Claims characterized in that the container is provided with a siphon on one side, the inlet and outlet of which extend laterally along one surface of the uppermost tubesheet in the direction of the flow of secondary air on the tubesheet. The dew point cooler according to item 4. 7. There are two concentric tube members, the inner one extending into or around another tube and capable of being sealed and attached to it, and the outer one being supported by a tube sheet; and the lower edge thereof is provided with one or more apertures reaching the annular gap between the two tubes, and the inner tube has one or more apertures connecting the gap and the inside of the tube or are arranged at intervals around the circumference thereof.
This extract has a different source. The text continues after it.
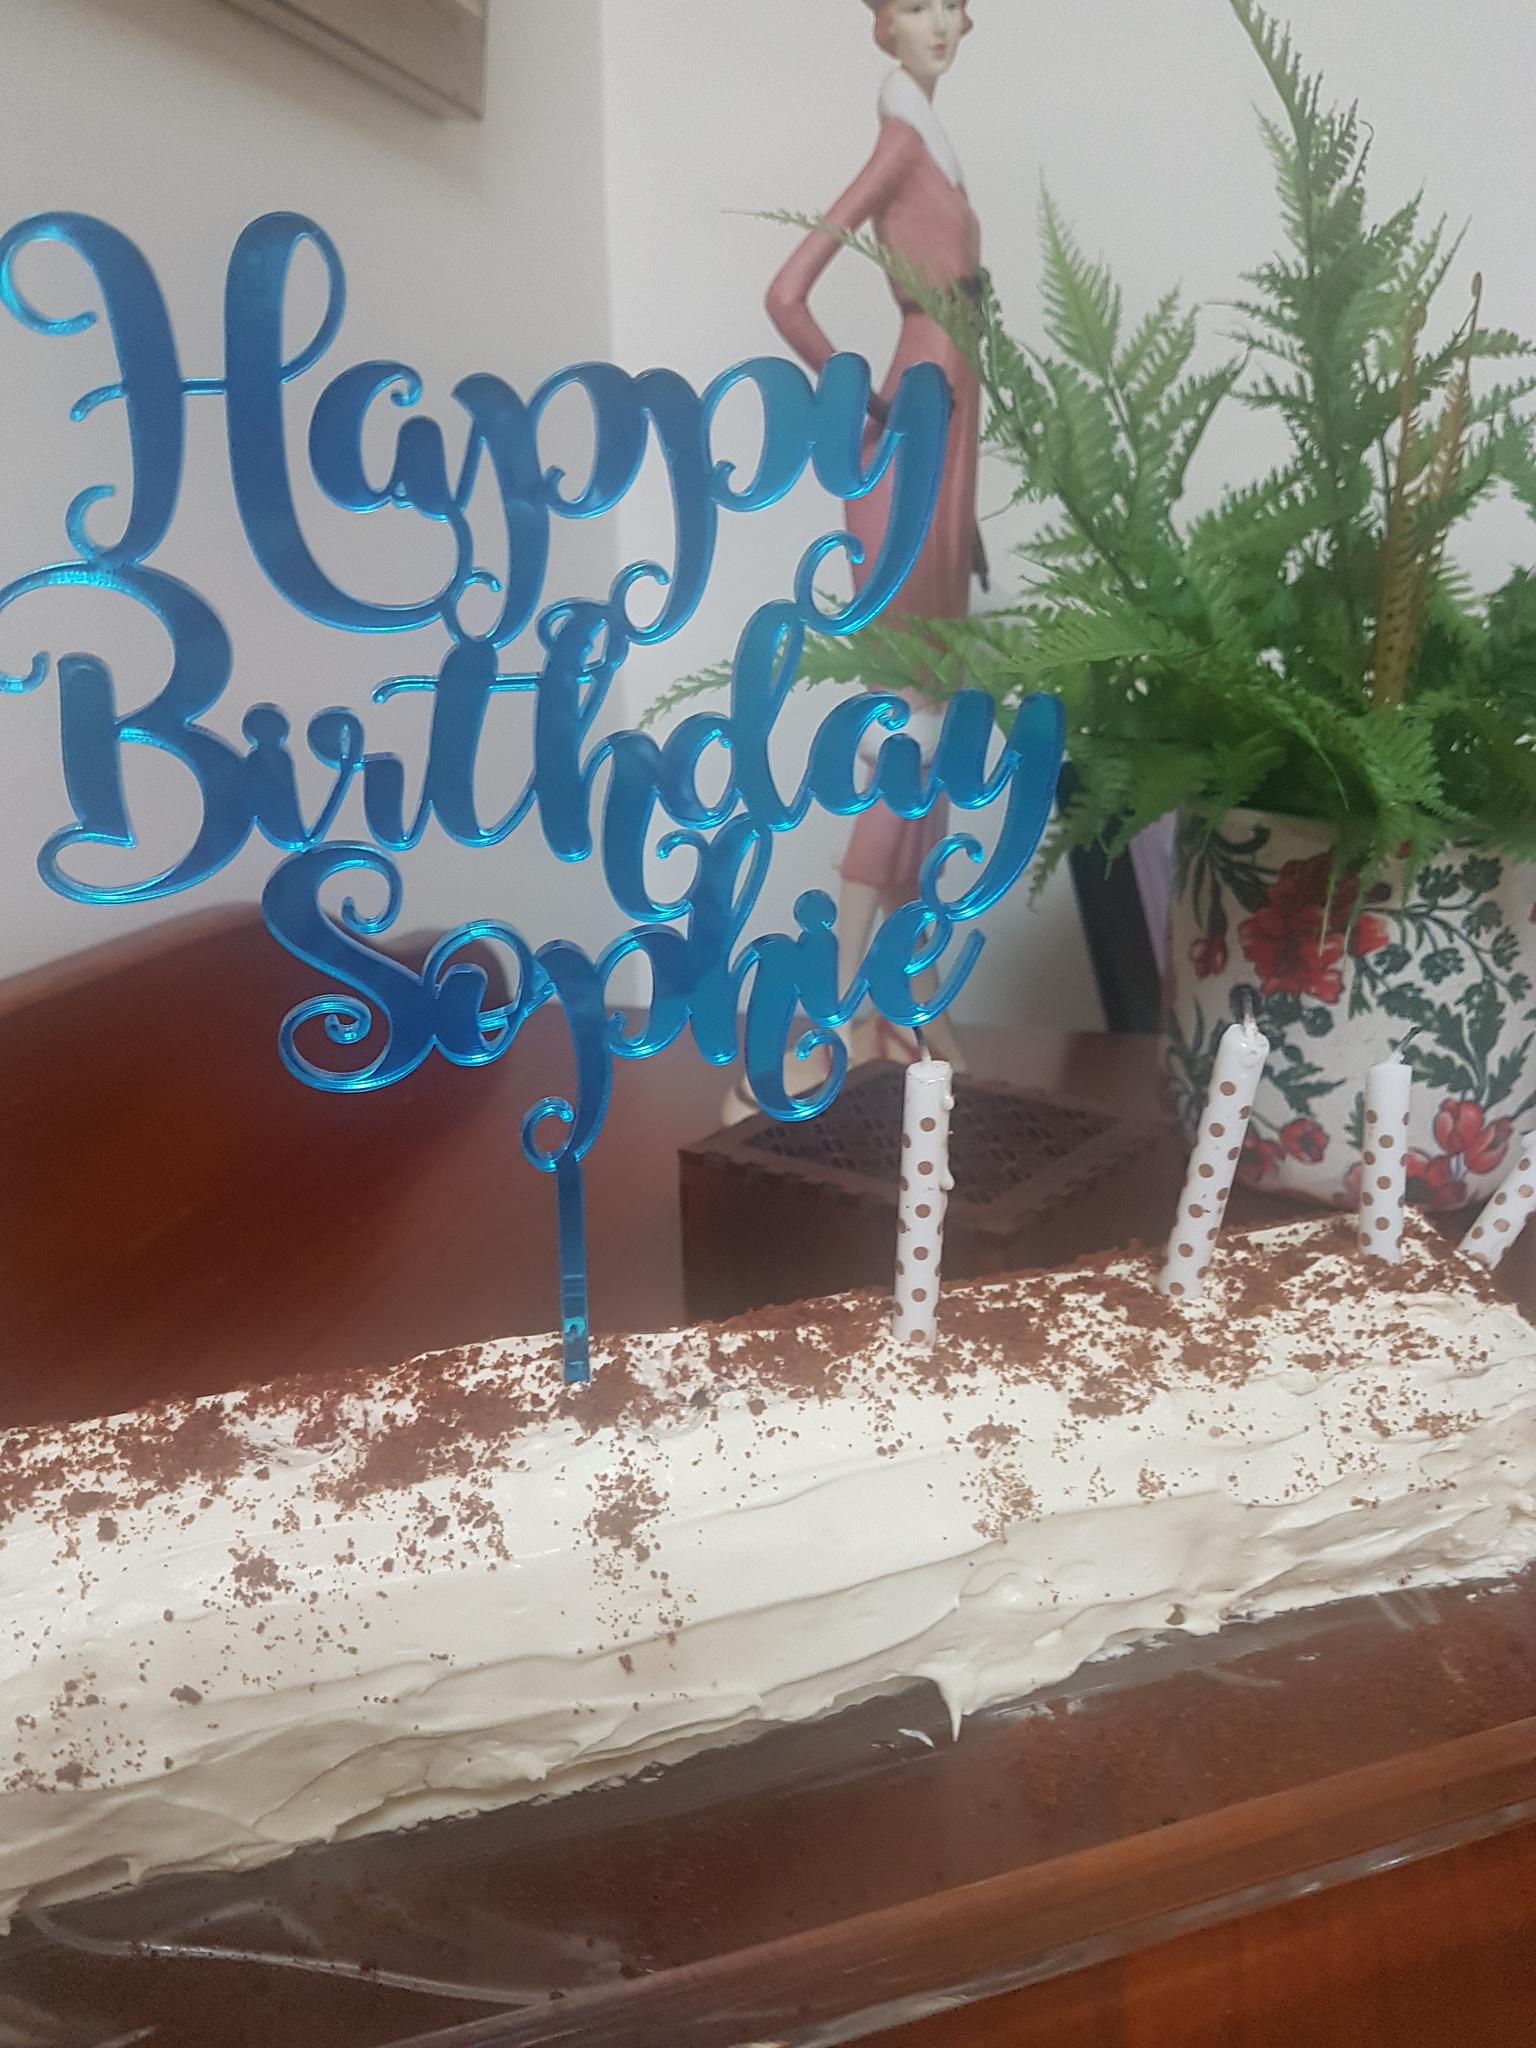 Happy birthday sophie cake topper

A water distributor used in a dew point cooler characterized by having multiple holes. 8. A dew point cooler for cooling a stream of air, comprising: a) an array of vertical tubes arranged to pass the air to be cooled along the outside of the tubes with heat exchange; b) means for passing precooled secondary air into the interior of the tube; c) means for introducing water into the tube from above to form a water film on the inner wall surface of the tube; d) moistened secondary air e) means for passing at least a portion of the cooled primary air into the space to be cooled; and e) means for passing at least a portion of the cooled primary air into the space to be cooled; extending into and sealingly attached to the inside or circumference of the tube, the outer one being supported by a tube sheet, and having one or more openings in its lower edge extending into the annular gap between the tubes. means according to c), comprising a water distributor provided with holes, the inner tube having one or a plurality of holes arranged at intervals around its circumference connecting the gap and the interior of the tube; is adapted to periodically supply water, the tube is provided with an element on the outside in contact with the primary air, and the ratio of the outer surface area of the tube with the element to the inner surface area of the tube is 3: A dew point cooler characterized in that the dew point is greater than 1.